We have about five big apples trees on our property but because we do not spray them, the apples are only really good for cider. One year we tried making our own with an antique apple grinder and press that we borrowed from a friend. A day later, we had managed to make about two gallons of unfiltered cider. Not only did it taste bad, but it also made us sick.
Instead we now collect our apples and take them over to our friend Bob Sewall’s place. He runs an organic orchard and is known for his great cider, as well as his cider vinegar.
Bob specifies that the apples must not have been sprayed or picked up off the ground (his cider is certified organic and he does not want to risk contaminating his press). He also requires a minimum of at least five bushels of apples.
Gathering enough apples for the pressing is one of my favorite parts of the process. For weeks before my appointed time on Bob’s press, I drive around with empty bushel baskets in my car, looking for apple trees whose fruit has not been harvested. This also allows me to come up with a blend of different varieties.
I always get some from my mother’s backyard- she has a nice old red delicious. Sometimes I get some from my doctor who has a Wolf River tree outside his office — really big apples with a fairly bland taste. This year I found some pears in the backyard of a house near my office — they taste great in cider.
This year we had help from our neighbors, the Cranes. Jon Crane is just as much of a scavanger as me. He found some Tolman Sweets, a very sweet green apple, Northern Spies (tart and crisp), and Macouns (sweet and crisp). We added these to my Cortlands, Empires, a few Golden Delicous and some UFOs from a friend’s orchard for a total of seven bushels and headed up to Bob’s place on the edge of a mountain. It’s a glorious place to be on a fall afternoon. You can stand in the doorway of his pressing shed and and see the ocean in the distance.
Bob has an old press he bought second hand. We poured the apples into a hopper where they are hosed down. They are carried up into a grinder and the mush comes out of a fat hose. Bob lines each tray with a heavy cloth, fills it with the mush, wraps it up and piles another tray on tap. When he has a stack of enough trays, he puts them under the press where powerful hydraulics extract every bit of juice, leaving behind only a thin mat of skin and seeds — all the pressings from our apples fit into one big rubber bucket, which I brought home and put in my compost bin. Of course the whole time during this process, juice drips down the sides and into the big vat underneath. The fruity smell of apples is intoxicating.

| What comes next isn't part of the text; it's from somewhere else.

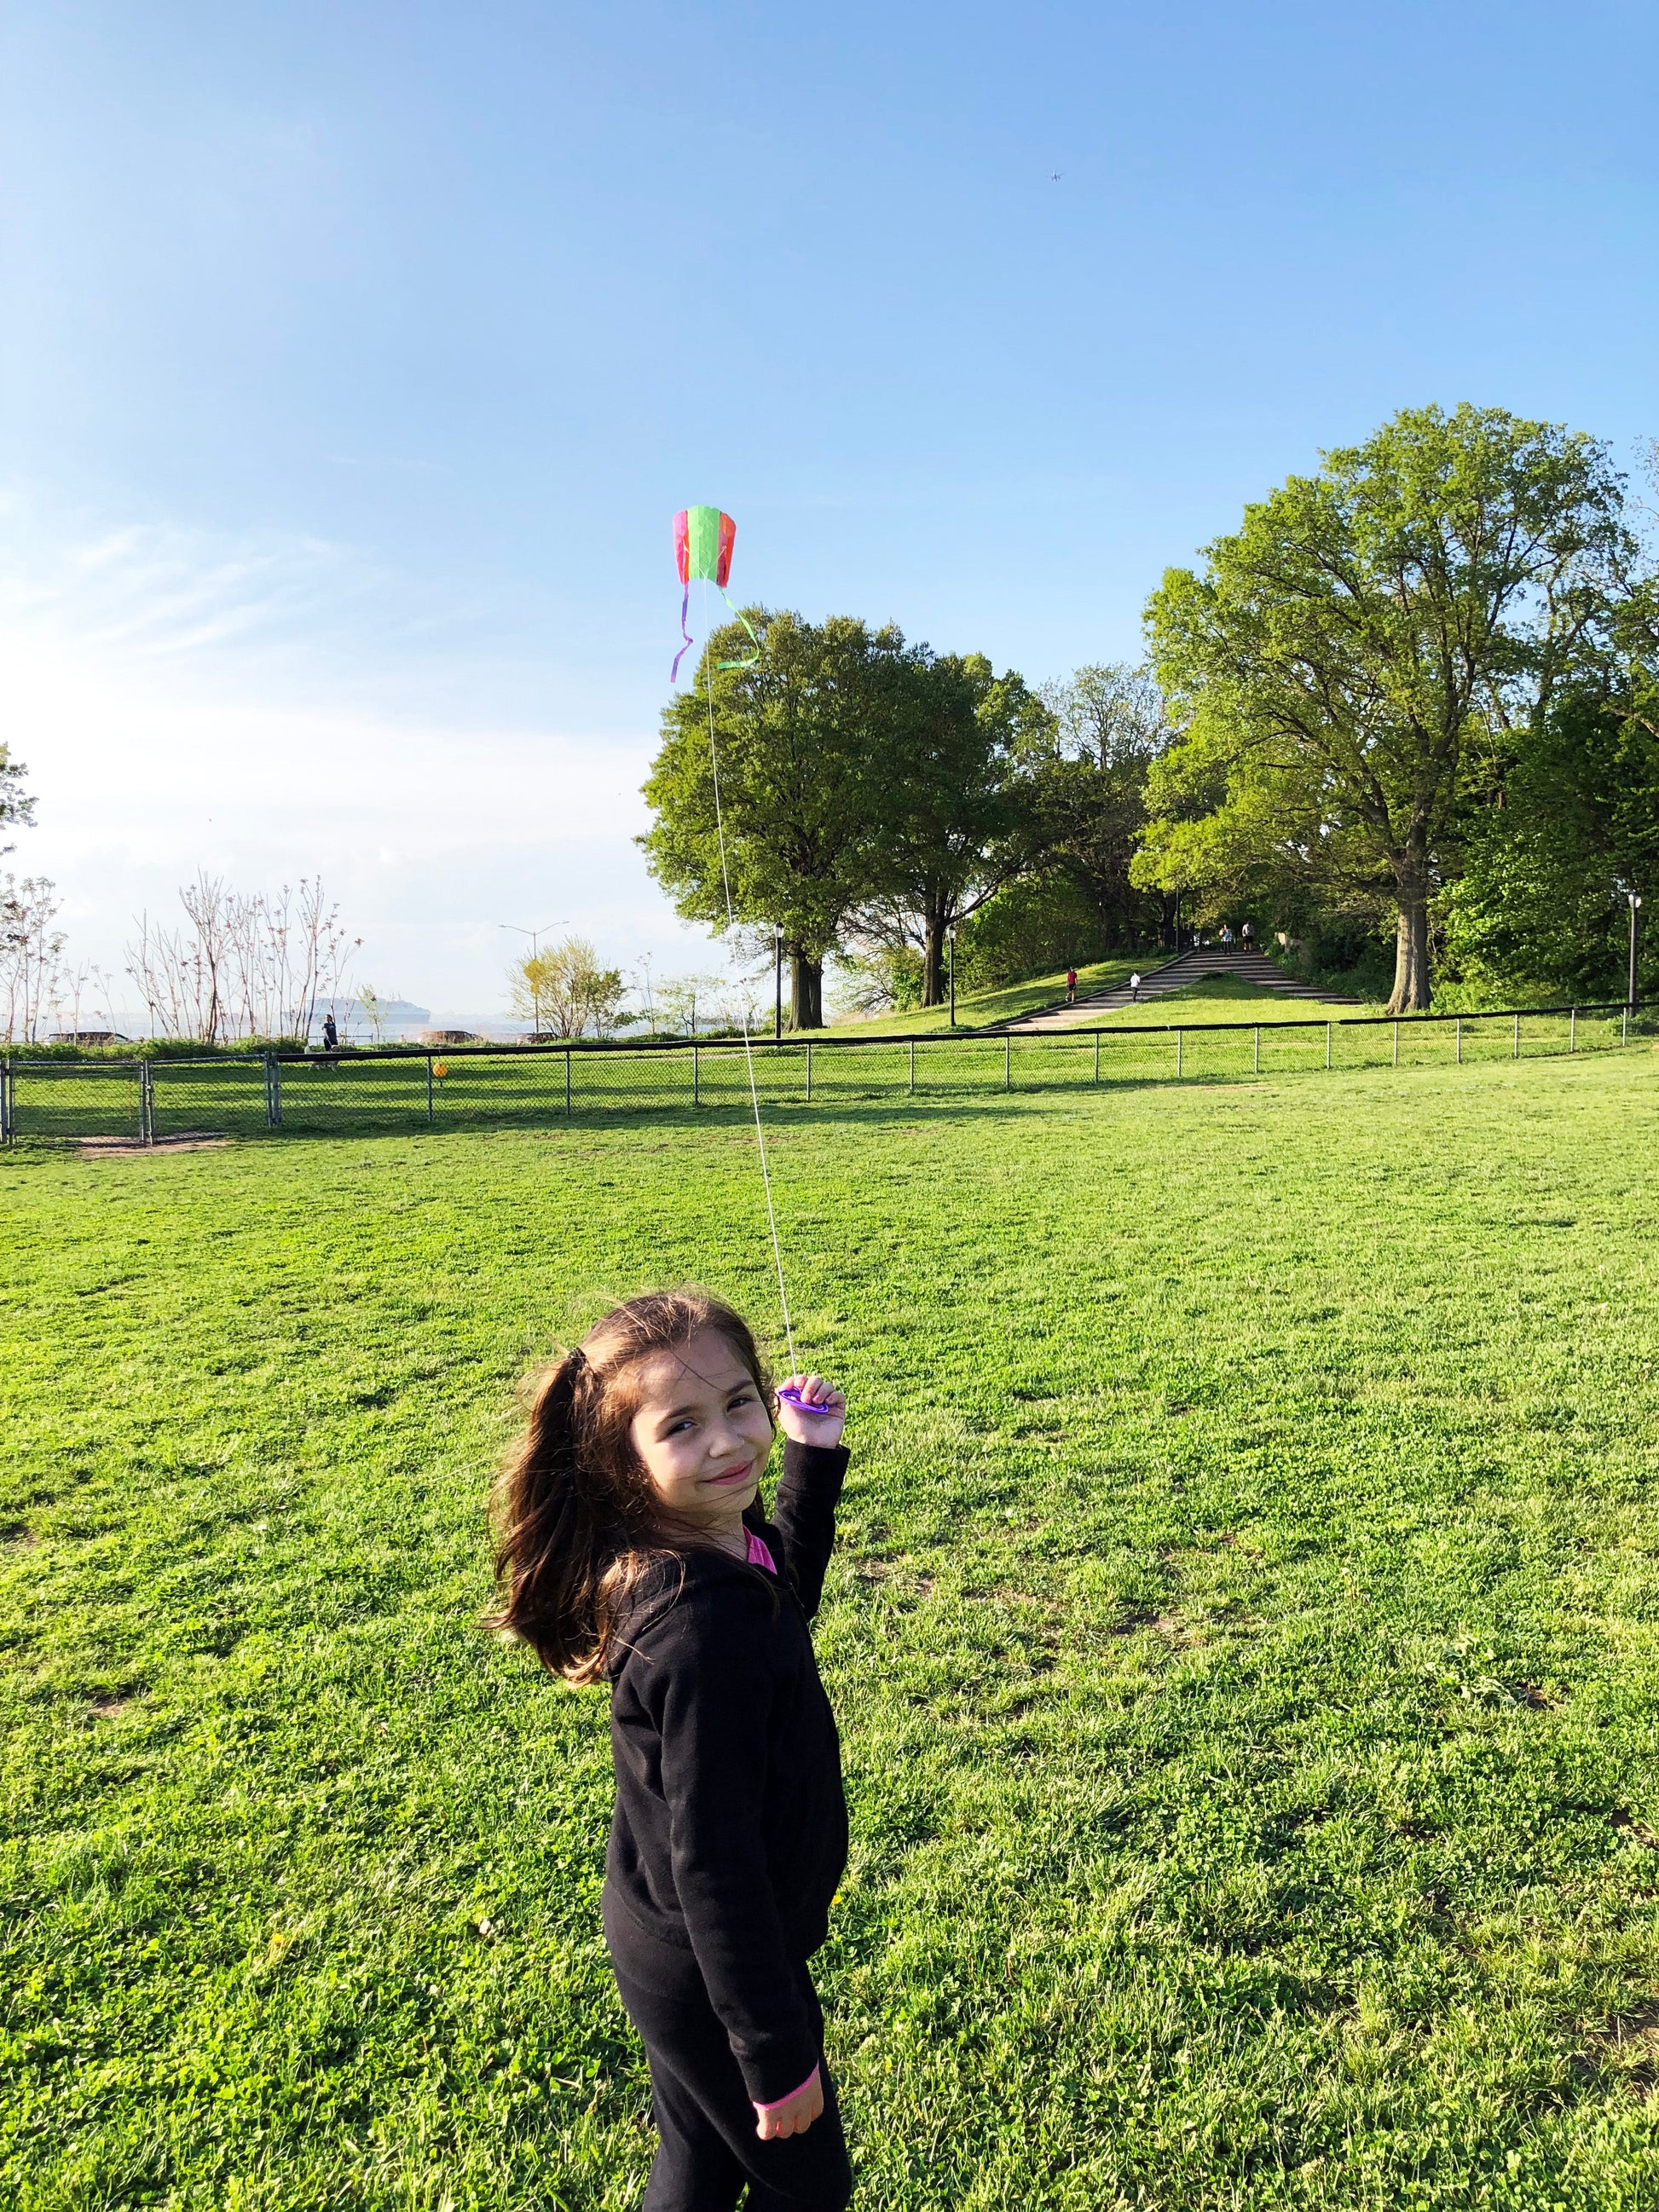 child flying kite

Eventually when our load has been pressed, Bob bottles it in plastic jugs. Always important is the taste test. Delicious. Sweet, but not to sweet and a nice backbeat.
Our seven or so bushels make 28 gallons of cider and it only took about 45 minutes. We will freeze most of it to drink over the winter. Each time I drink some I will remember this lovely fall day, the apples, and the neighbors who made it all possible.